---
title: "vtable Bonus Functions"
author: "Nick Huntington-Klein"
date: "`r Sys.Date()`"
output: rmarkdown::html_vignette
<!-- output: rmarkdown::html_vignette. pdf_document -->
vignette: >
  %\VignetteIndexEntry{vtable Bonus Functions}
  %\VignetteEngine{knitr::rmarkdown}
  %\VignetteEncoding{UTF-8}
---

The `vtable` package serves the purpose of outputting automatic variable documentation that can be easily viewed while continuing to work with data.

`vtable` contains four main functions: `vtable()` (or `vt()`), `sumtable()` (or `st()`),  `labeltable()`, and `dftoHTML()`/`dftoLaTeX()`. 

This vignette focuses on some bonus helper functions that come with `vtable` that have been exported because they may be handy to you. This can come in handy for saving a little time, and can help you avoid having to create an unnamed function when you need to call a function.

-----

# Shortcut Helper Functions

`vtable` includes four shortcut functions.
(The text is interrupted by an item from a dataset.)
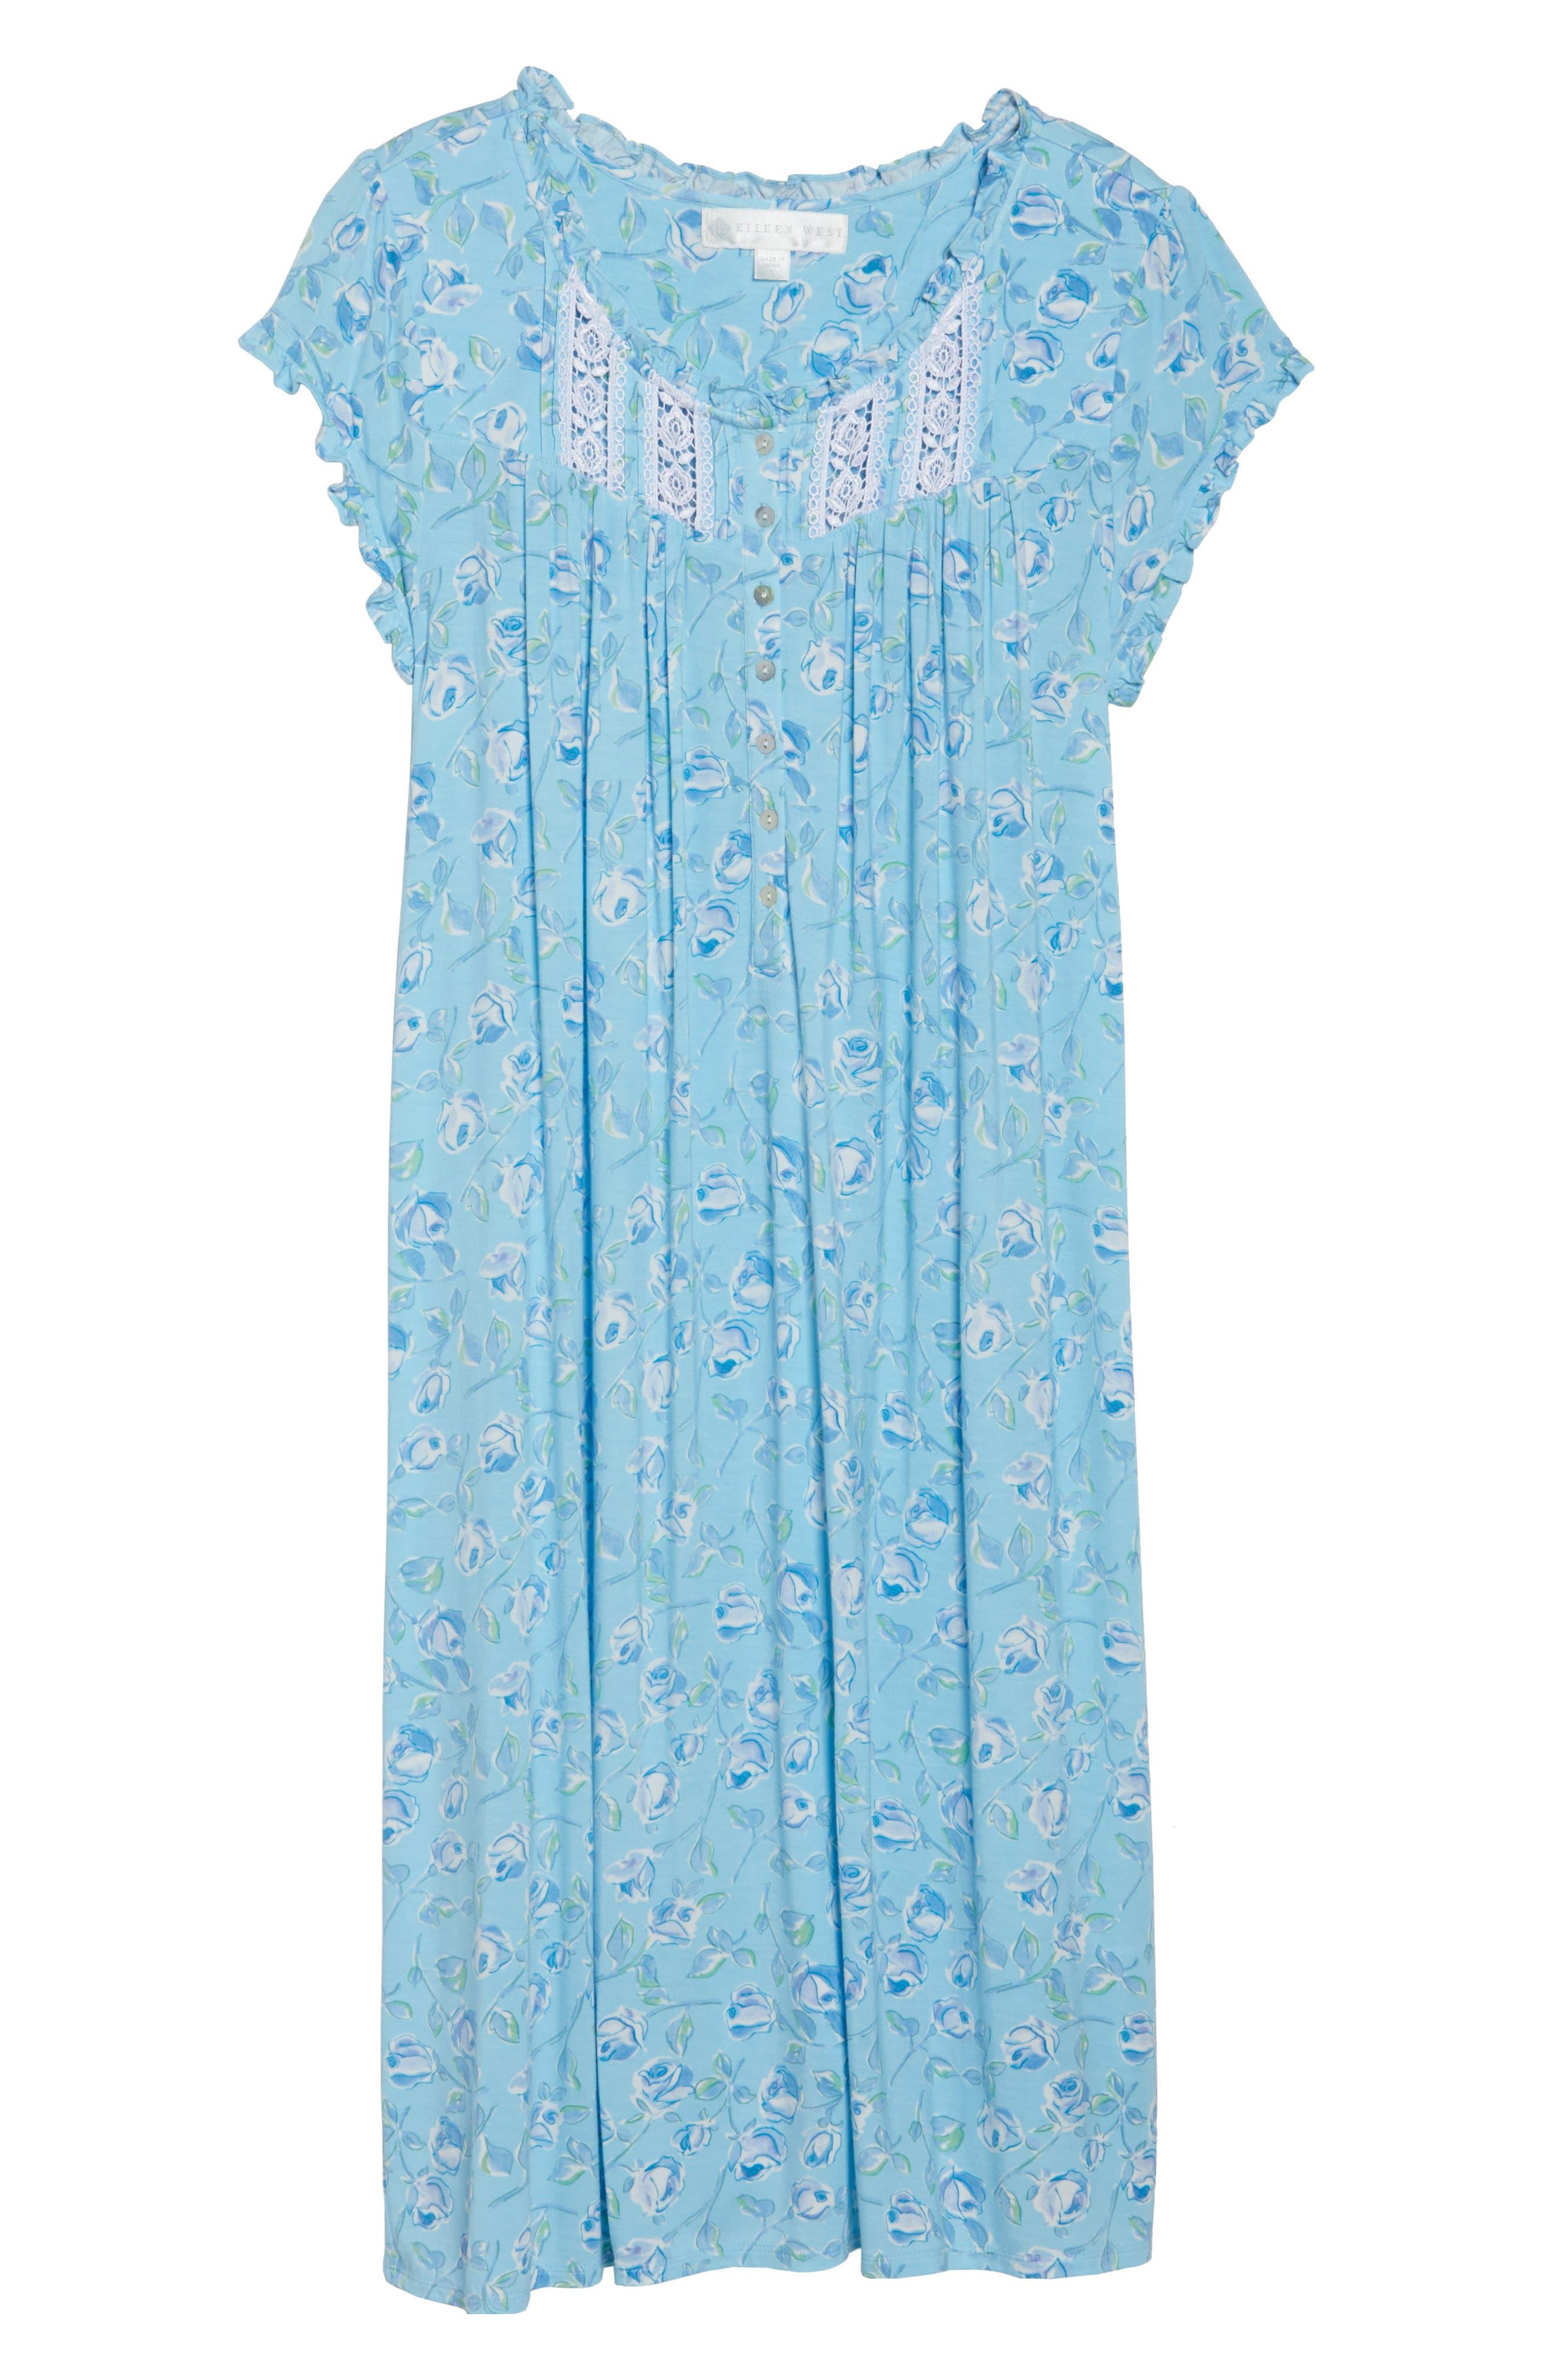 Waltz Nightgown,                             Alternate thumbnail 6, color,                             400

These are generally intended for use with the `summ` option in `vtable` and `sumtable` because nested functions don't look very nice in a `vtable`, or in a `sumtable` unless you explicitly set the `summ.names`. 

## `nuniq`

`nuniq(x)` returns `length(unique(x))`, the number of unique values in the vector.

## `countNA`, `propNA`, and `notNA`

These three functions are shortcuts for dealing with missing data. You have probably written out the nested versions of these many times!
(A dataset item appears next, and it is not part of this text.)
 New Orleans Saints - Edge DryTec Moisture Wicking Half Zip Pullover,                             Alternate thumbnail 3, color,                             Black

| Function     | Short For |
|------------| -----------------------------------------|
| `countNA()`    | `sum(is.na())` |
| `propNA()`     | `mean(is.na())` |
| `notNA()` | `sum(!is.na())` |

Note that `notNA()` also has some additional formatting options, which you would probably ignore if using it iteractively.

## `is.round`

This function is a shortcut for `!any(!(x == round(x,digits)))`.
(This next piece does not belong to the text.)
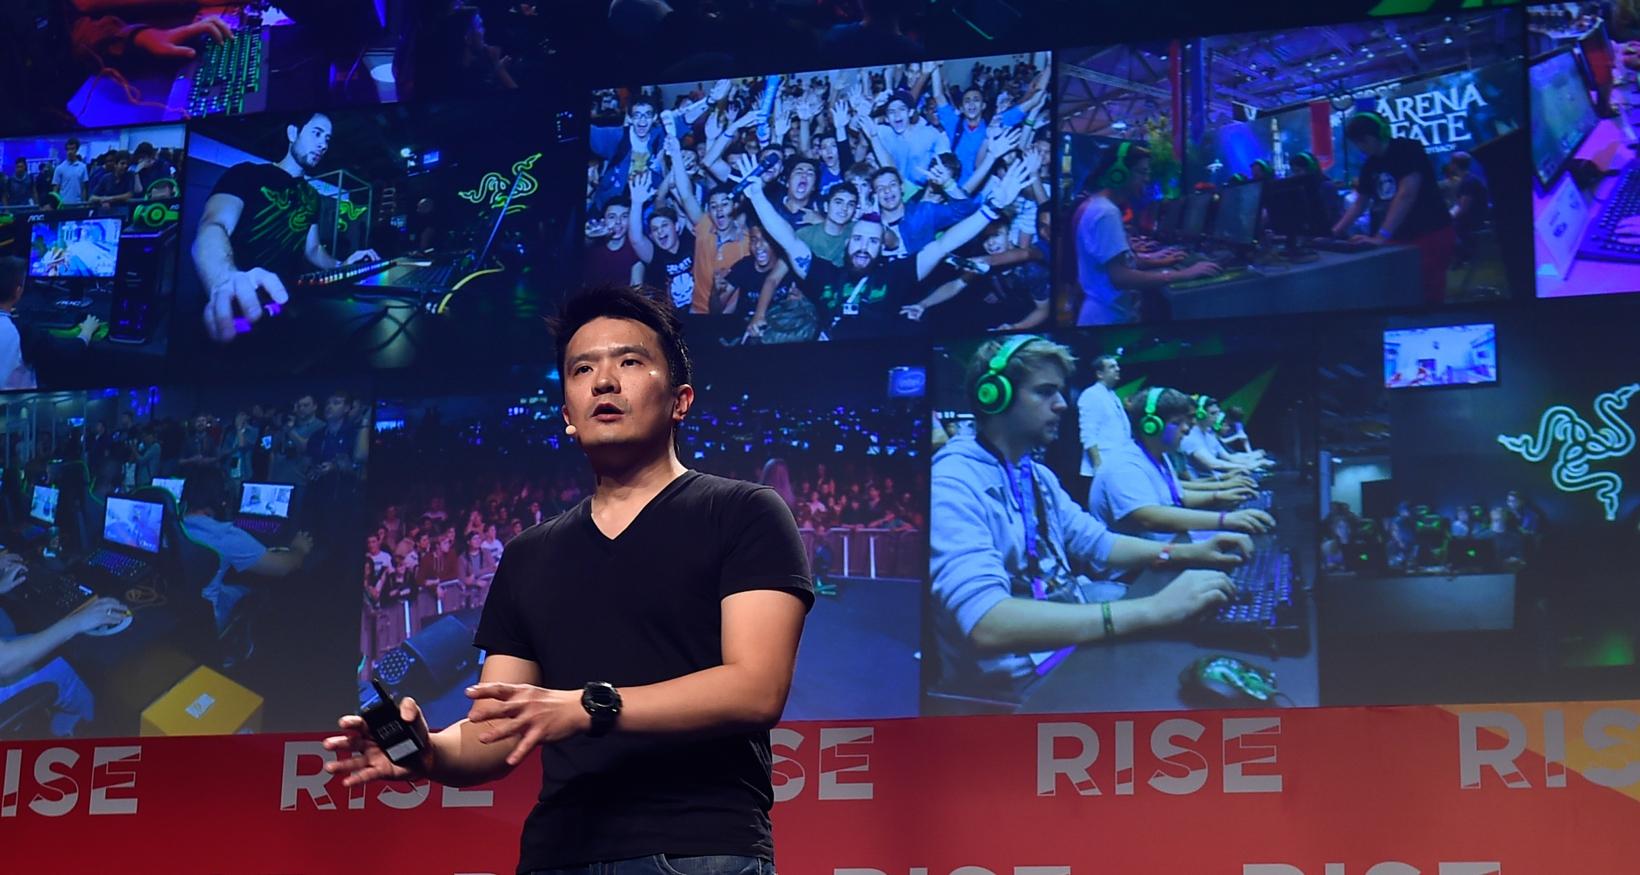 Razer integrates Amazon's Alexa voice controls and haptic feedback

It takes two arguments: a vector `x` and a number of `digits` (0 by default). It checks whether you can round to `digits` digits without losing any information.

-----

# Other Helper Functions

## `formatfunc`

`formatfunc()` is a function that returns a function, which itself helps format numbers using the `format()` function, in the same spirit as the `label_` functions in the scales package. It is largely used for the `numformat` argument of `sumtable()`.

`formatfunc()` for the most part takes the same arguments as `format()`, and so `help(format)` can be a guide for using it. However, there are some differences.

Some defaults are changed. By default, `scientific = FALSE, trim = TRUE`.

There are four new arguments as well. `percent = TRUE` will format the number as a percentage by multiplying it by 100 and adding a % at the end. You can instead set `percent` equal to some number, and that number will instead be taken as 100%, instead of 1. So `percent = 100`, for example, will just add a % at the end without doing any multiplying. 

`prefix` and `suffix` will, naturally, add prefixes or suffixes to the formatted number. So `prefix = '$', suffix = 'M'`, for example, will produce a function that will turn `3` into `$3M`. `scale` will multiply the number by `scale` before formatting it. So `prefix = '$', suffix = 'M', scale = 1/1000000` will turn `3000000` into `$3M`.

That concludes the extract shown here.